__Work task__: Please give the lines below again exactly as they stand, from the one that contains "SXSBlog.com brings home" up to and including the one that contains "An F-35 Lightning", leaving all pictures out.

__Stored data__:
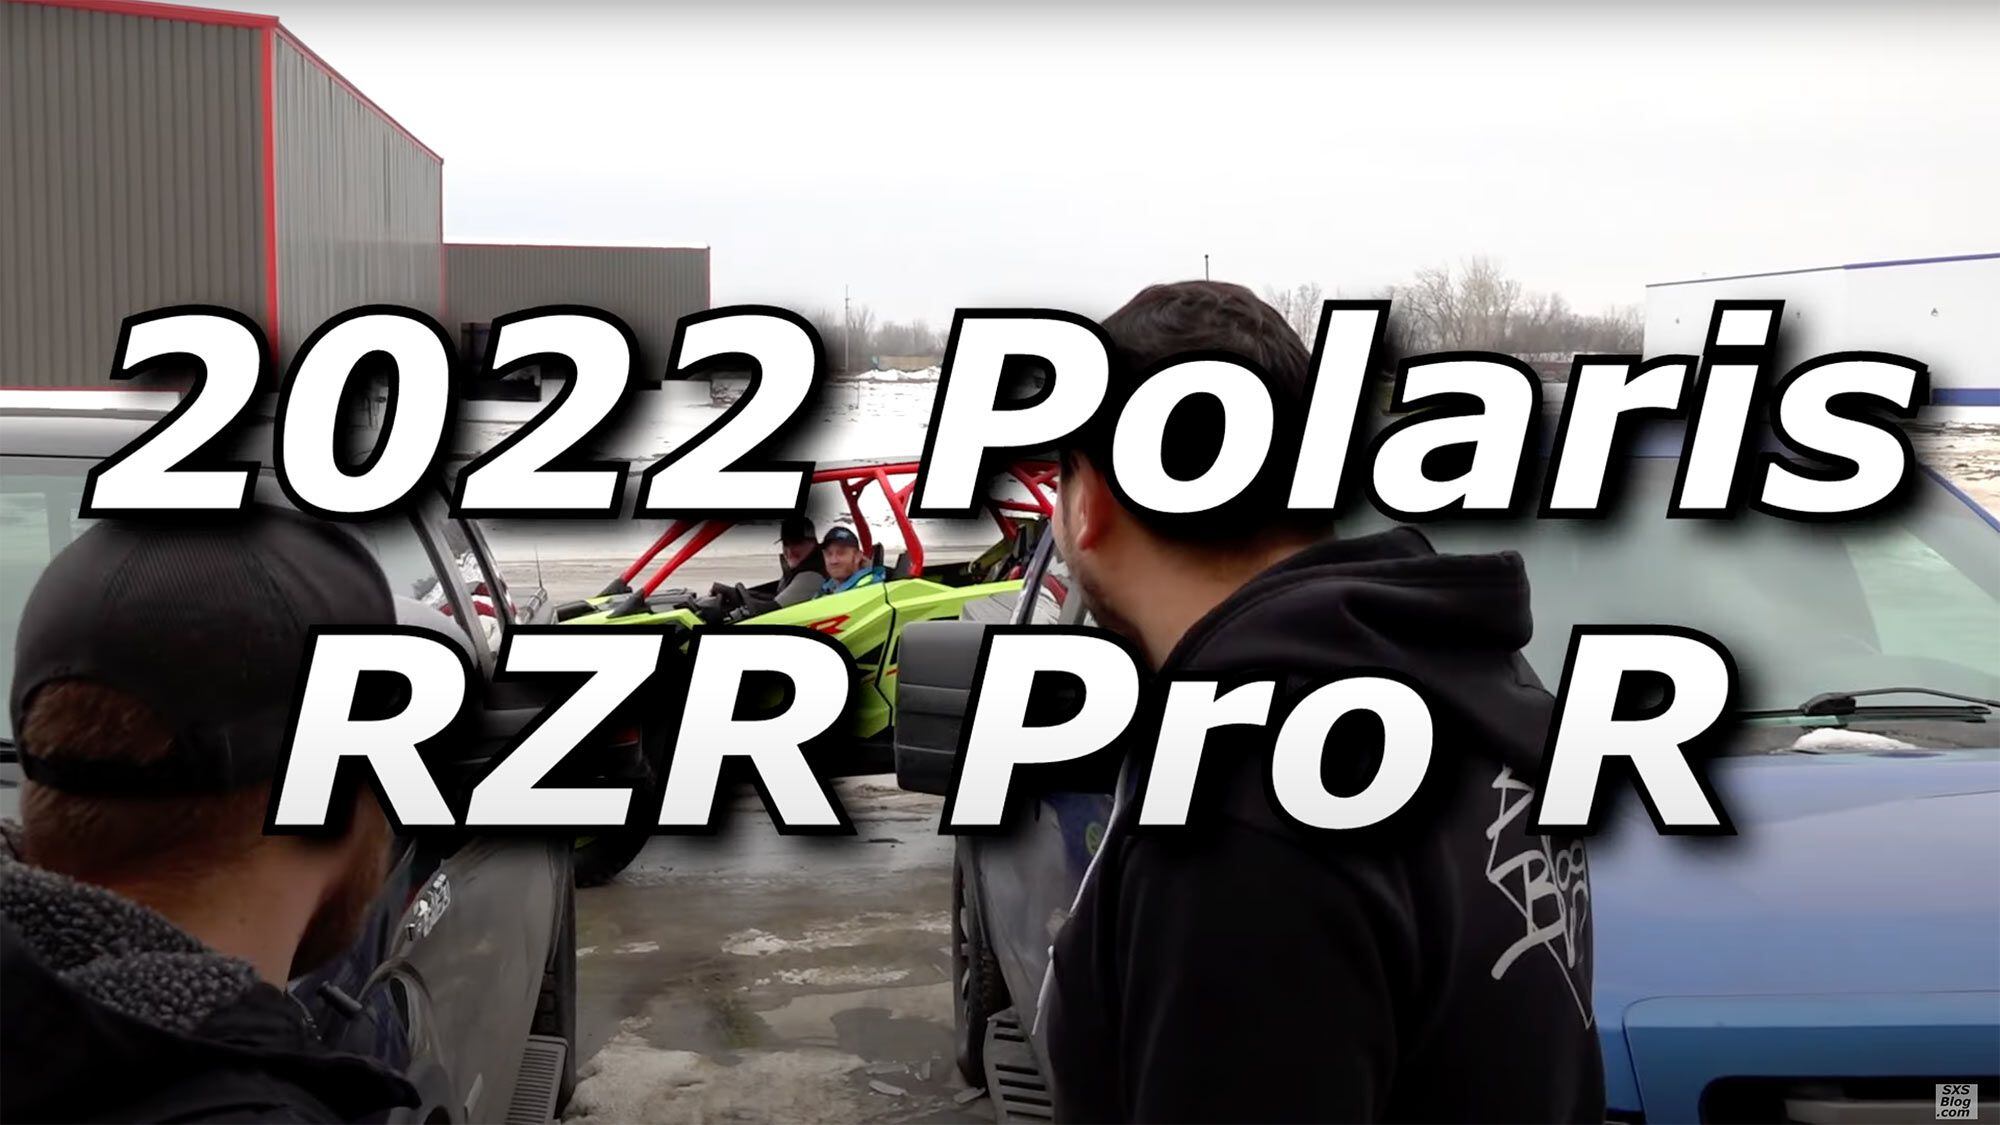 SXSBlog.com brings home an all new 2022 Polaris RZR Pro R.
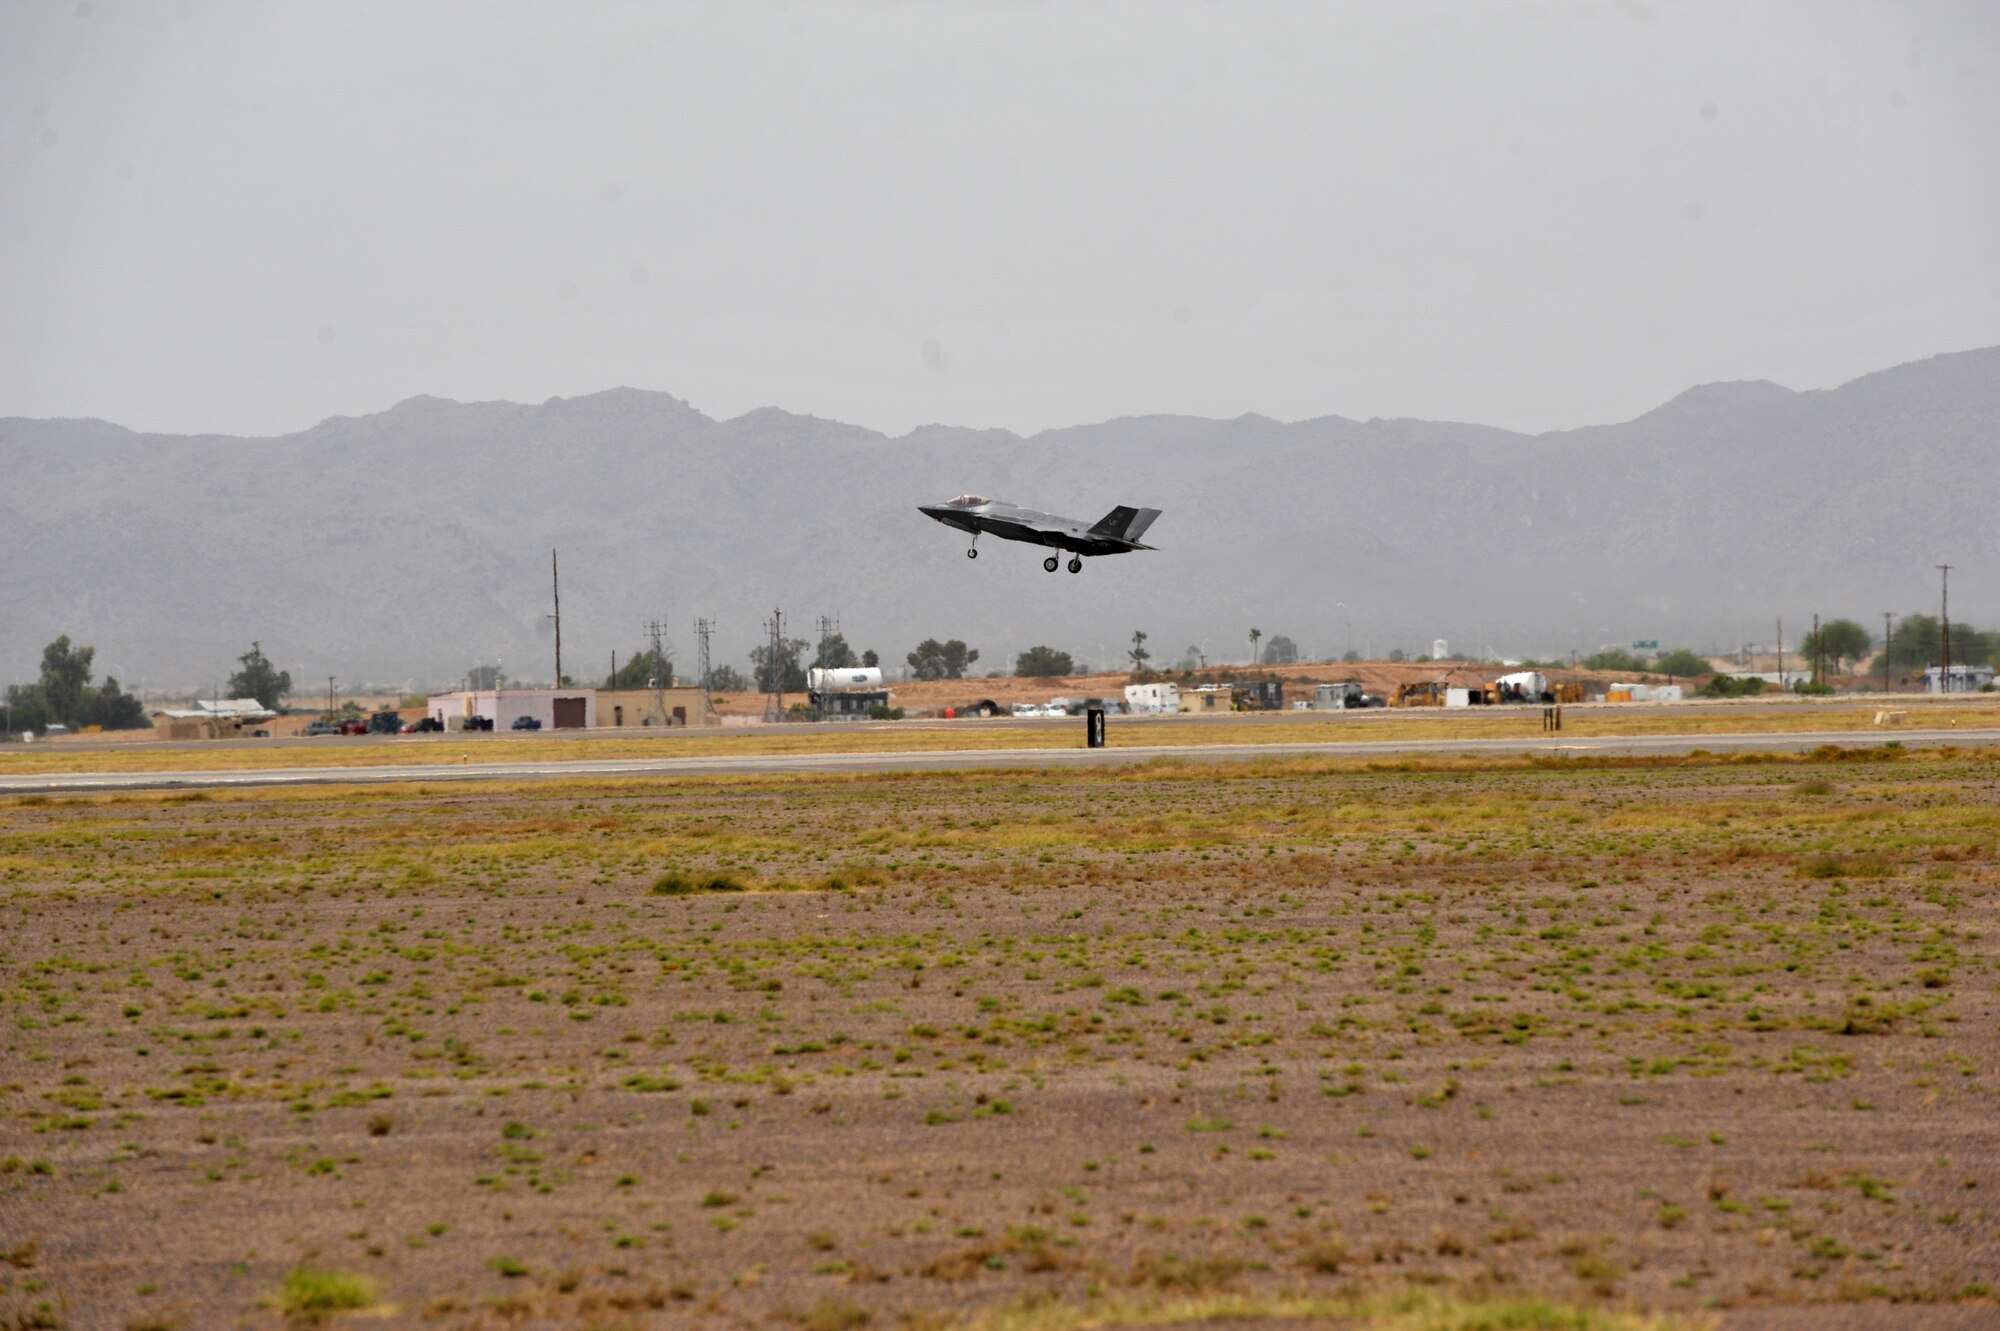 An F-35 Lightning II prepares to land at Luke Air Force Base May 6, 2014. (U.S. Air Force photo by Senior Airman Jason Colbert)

==

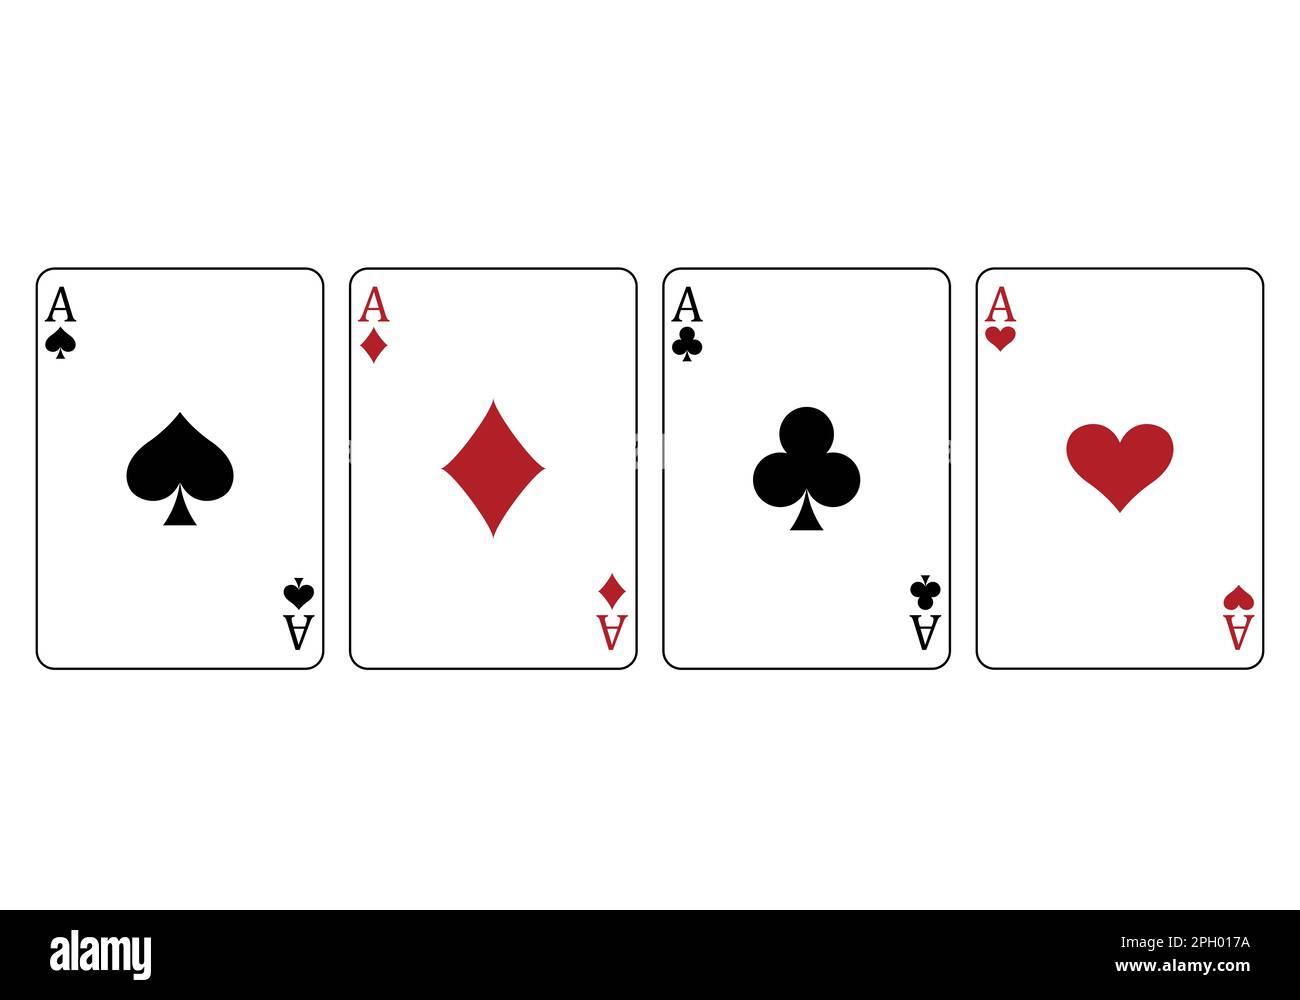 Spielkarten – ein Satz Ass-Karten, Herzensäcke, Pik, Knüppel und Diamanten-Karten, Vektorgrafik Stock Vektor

__Exercise answer__:
 SXSBlog.com brings home an all new 2022 Polaris RZR Pro R.
 An F-35 Lightning II prepares to land at Luke Air Force Base May 6, 2014. (U.S. Air Force photo by Senior Airman Jason Colbert)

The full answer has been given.